Lost Submarine Has NOT Been Found

A submersible taking tourists to the wreck of the Titanic has disappeared.

It is still not found. Apologies, a source that said it was found was fake. NOTE: The original article had to be deleted to accelerate removal from Googla mobile pages and search. The comments on the original article pointed out that major new sources with live updates are reporting the search as ongoing and the search is unsuccessful. The comments correctly criticized the incorrect report.

It had about 72-96 hours of emergency air and survivability. The tours are run by OceanGate, an expedition startup with a focus on the deep sea. Local submarine expert Greg Williams says the vessels have gone missing or faced danger before. A search effort for a missing submarine carrying five people to view the Titanic wreckage is underway.

There are about forty hours left to find the submarine.

“Titan,” a 21-foot submersible — a smaller, less-powerful type of submarine that launches from a mother ship — began its annual dive taking a group of marine experts and paying tourists to the wreck site Sunday.
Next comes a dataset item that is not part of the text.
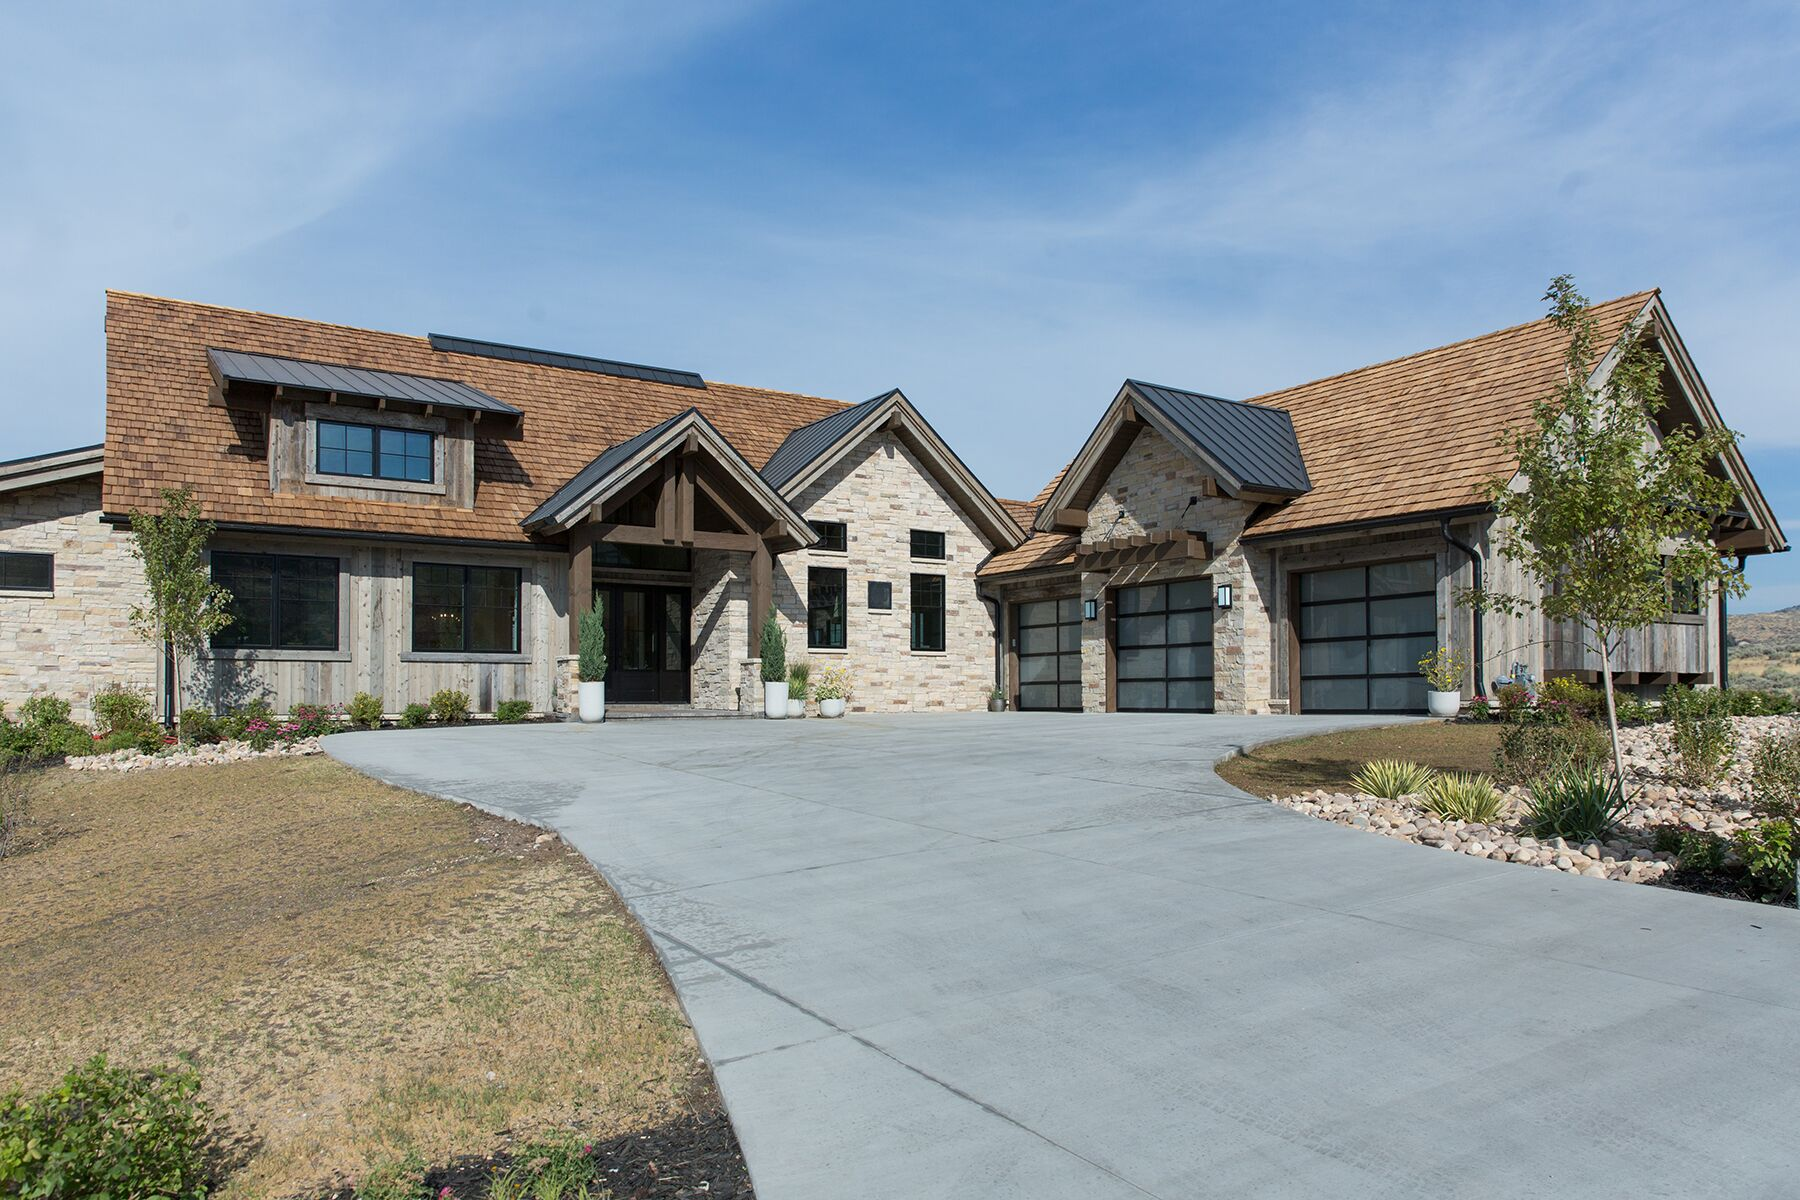 Mountain home exterior in Park City, Utah - Studio McGee Design

But Titan lost contact after about an hour and 45 minutes.

The five people on board include one pilot and four “mission specialists,” said Rear Adm. John Mauger, commander of the US Coast Guard’s First District. OceanGate CEO and founder Stockton Rush is among those onboard, according to a source with knowledge of the mission plan.

A British businessman based in the United Arab Emirates, Hamish Harding, is onboard.

The deepest ever underwater rescue was that of Roger Chapman and Roger Mallinson, who were rescued from the Pisces III submersible at depths of 1,575 feet in 1973. They were trapped for 76 hours before finally being hauled to the surface. The Titanic wreckage is much deeper, sitting nearly 13,000 feet below sea level. Other emergency rescue submarines can only to a depth of about 2000 feet.

4 thoughts on “Lost Submarine Has NOT Been Found”

  1. At that depth, if you suffer a hull failure you don’t get a leak. Your hull fails abruptly and your submarine implodes, instantly killing everyone. The pressures down there are comparable to the blast front from an explosive.

    So, if it’s just a failure of one of their systems that left them stranded, they could be OK, still. But the complaints from the engineer were about the structural integrity of the hull, and if that’s the cause of the problem, yeah, they all died, probably too fast to even feel it. Yo won’t find a broken sub, you’ll find a debris field.

  2. No tether cable? Four hours down and back, four hours viewing, lost communication at 1.5 hours down, and now a day late. The tube imploded from metal stress fatigue. They never felt a thing. “Rescue” is a waste of my tax dollars.

    • Your tax dollars are irrelevant, more of a clerical rounding error in comparison to other projects being funded or service being provided by the government. Now if you want to replace “MY” to “OUR” well then you can make that argument; However, that amount was already going to be spent in either case whether as training or actual event.

  3. I had to delete the old article and submit a request to remove it from google search and mobile pages. Apologies again for getting tricked by a false report.